--- MATERIAL FOR THIS TASK ---

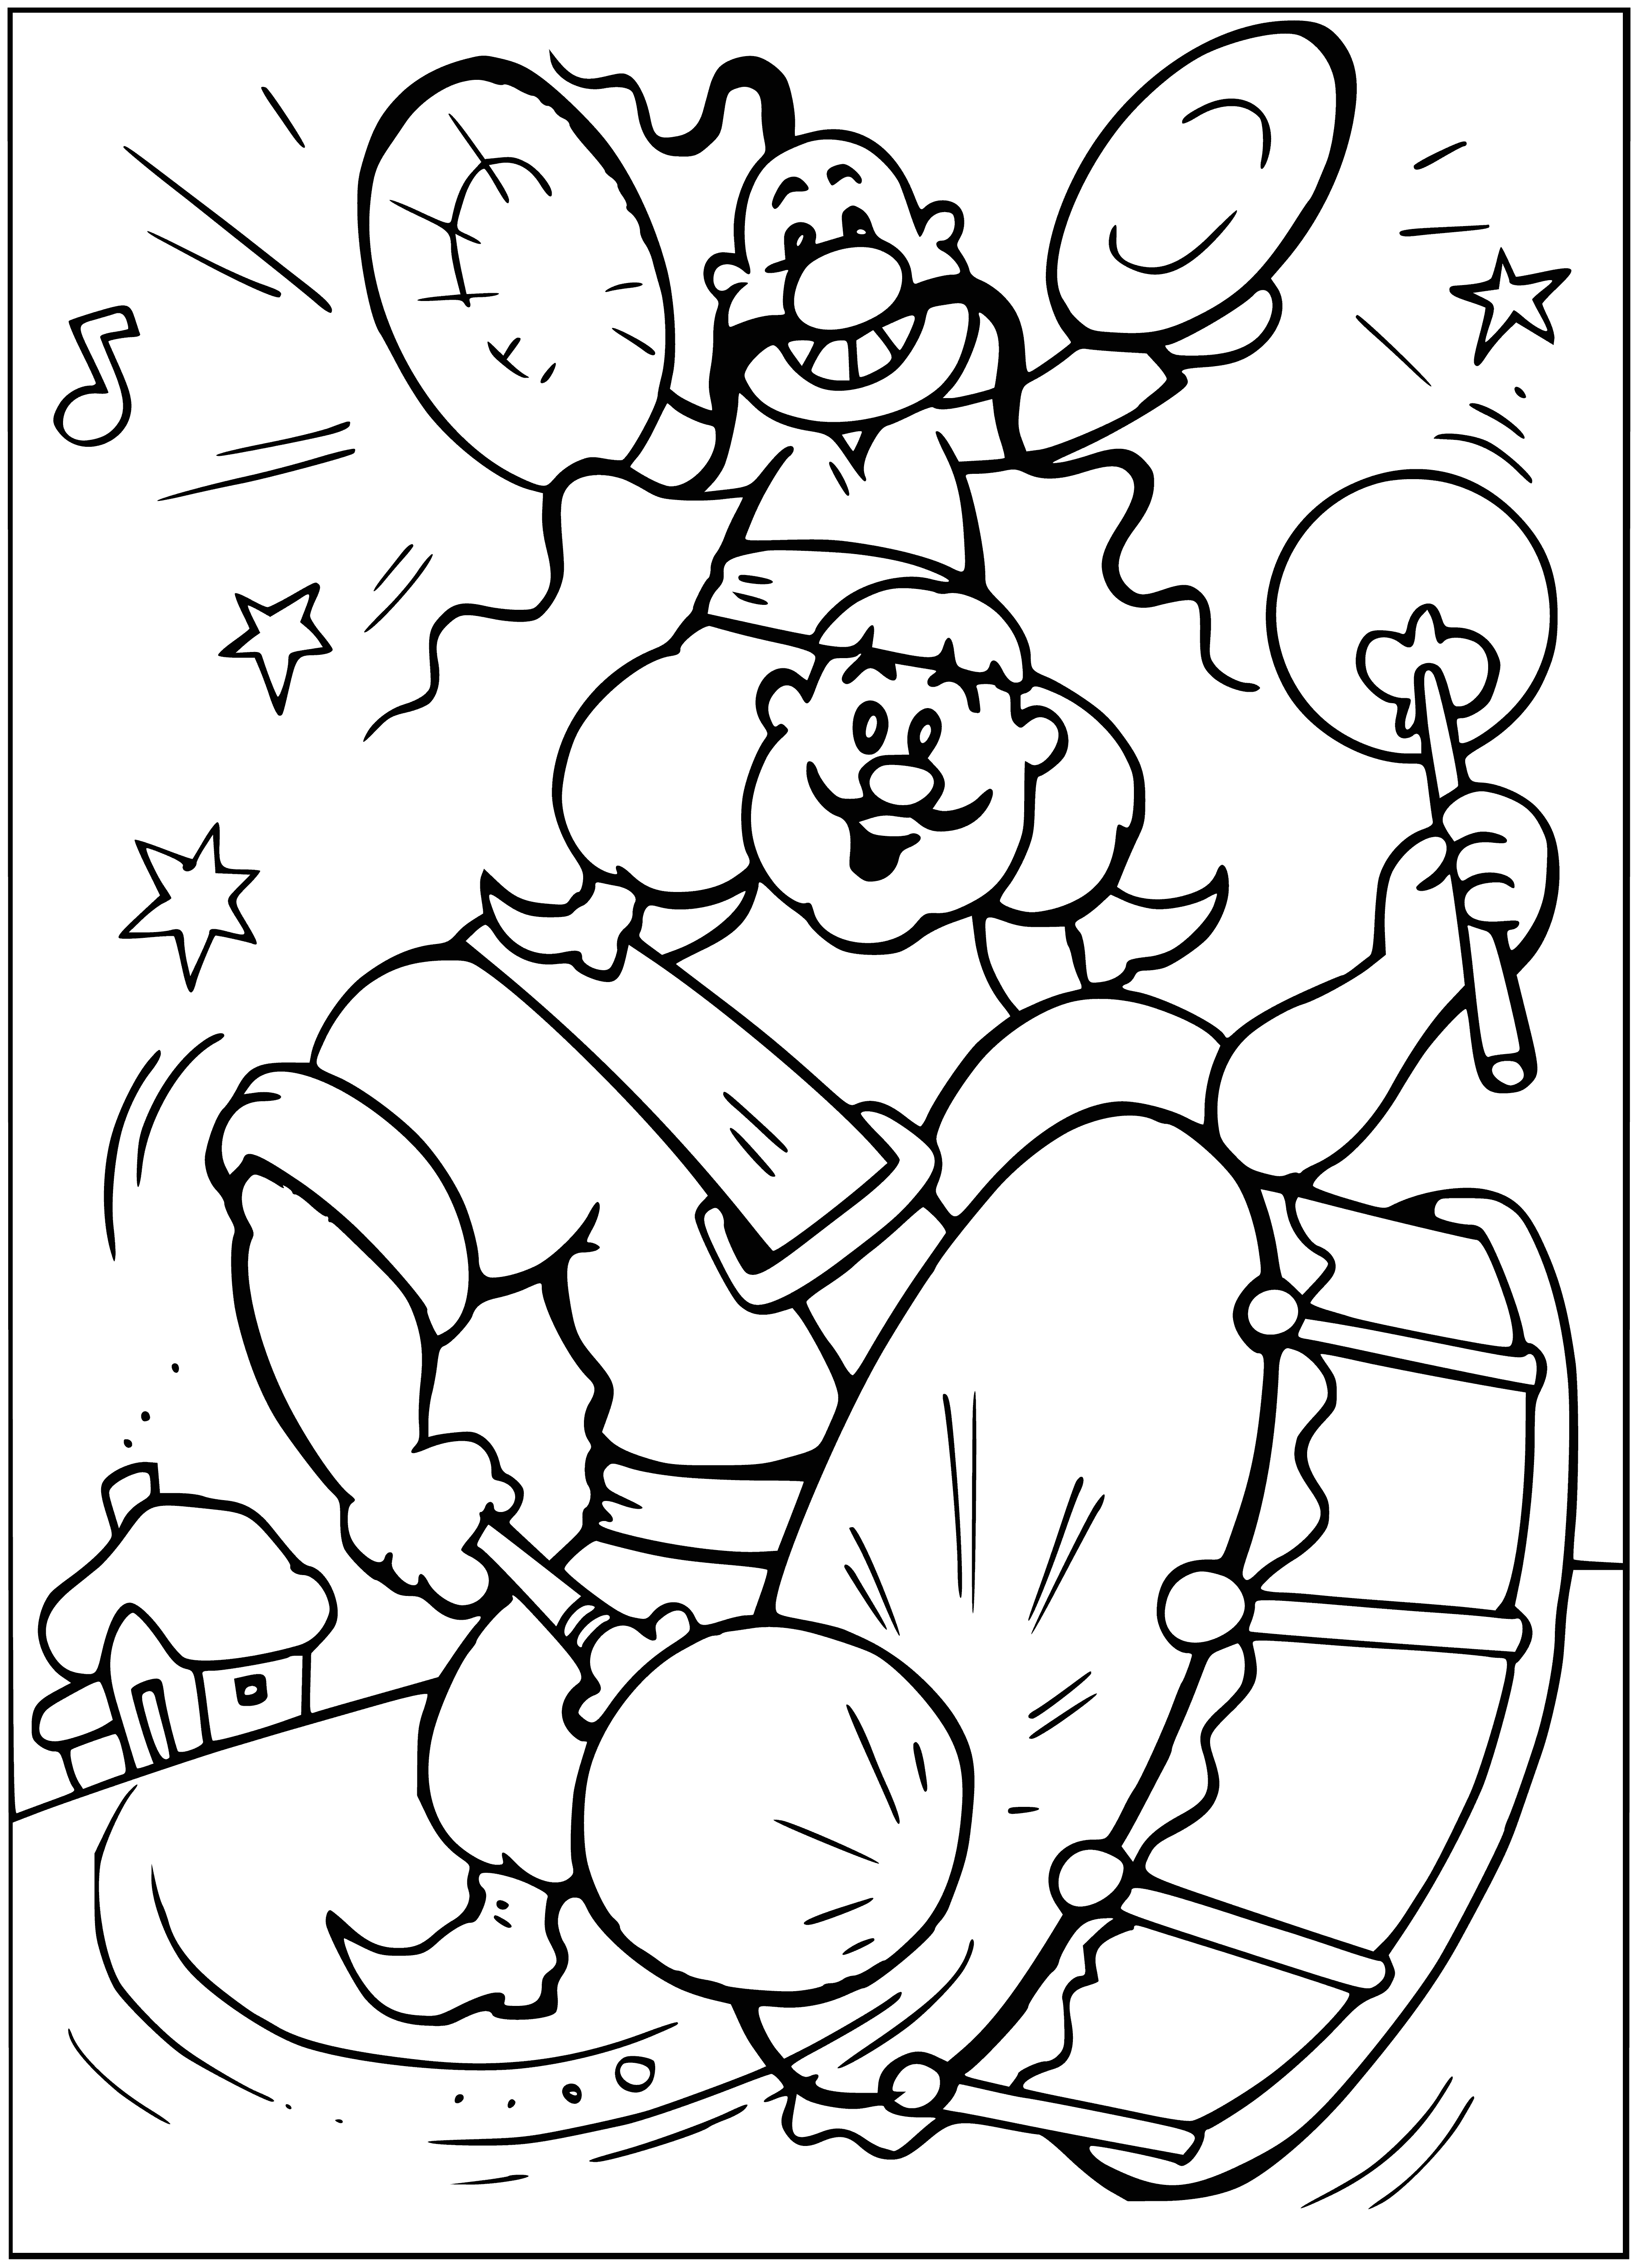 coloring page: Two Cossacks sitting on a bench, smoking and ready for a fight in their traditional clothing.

---
--- MATERIAL FOR THIS TASK ---

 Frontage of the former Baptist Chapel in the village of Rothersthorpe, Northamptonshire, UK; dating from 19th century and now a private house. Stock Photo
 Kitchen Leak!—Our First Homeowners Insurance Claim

---
--- MATERIAL FOR THIS TASK ---

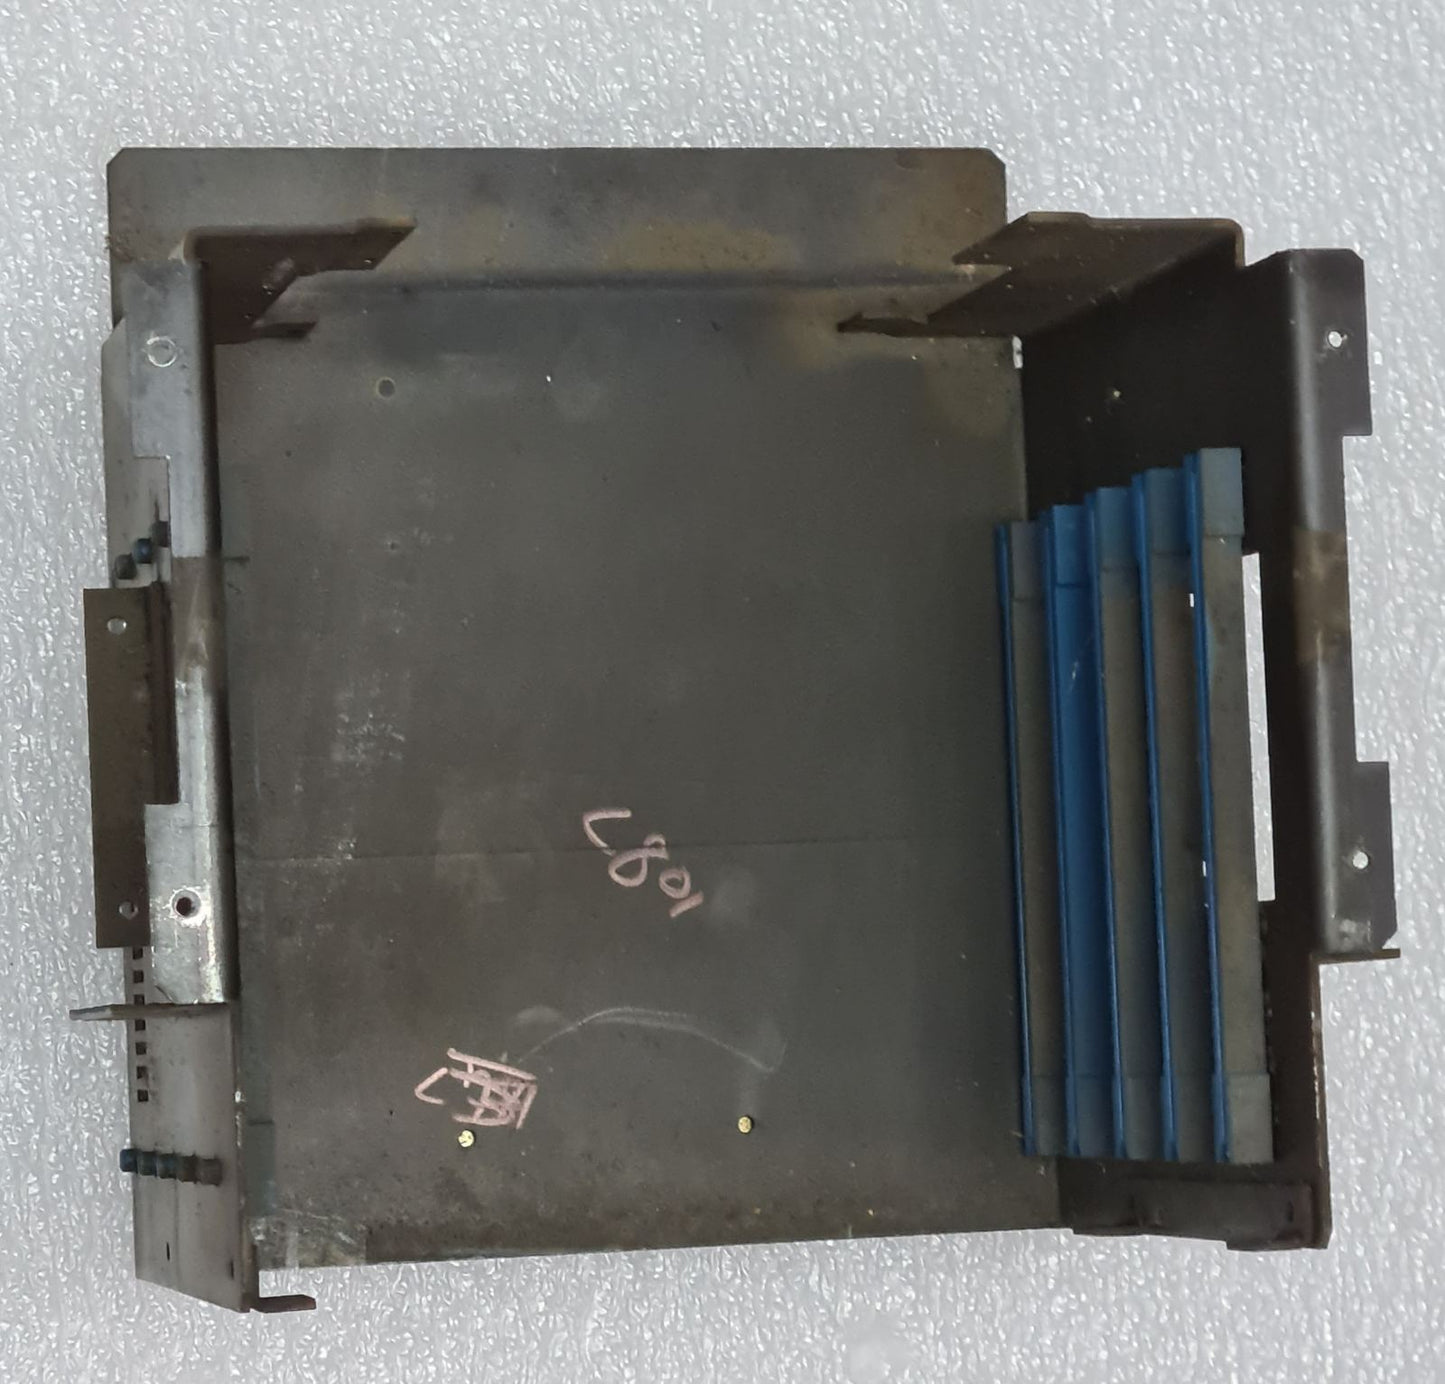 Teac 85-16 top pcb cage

---

◆ TO DO
Could you reproduce exactly the lines of the entries above, from the one with "Frontage of the" through the one with "Kitchen Leak!—Our First", and nothing else?

◆ OUTPUT OF THE EXERCISE
 Frontage of the former Baptist Chapel in the village of Rothersthorpe, Northamptonshire, UK; dating from 19th century and now a private house. Stock Photo
 Kitchen Leak!—Our First Homeowners Insurance Claim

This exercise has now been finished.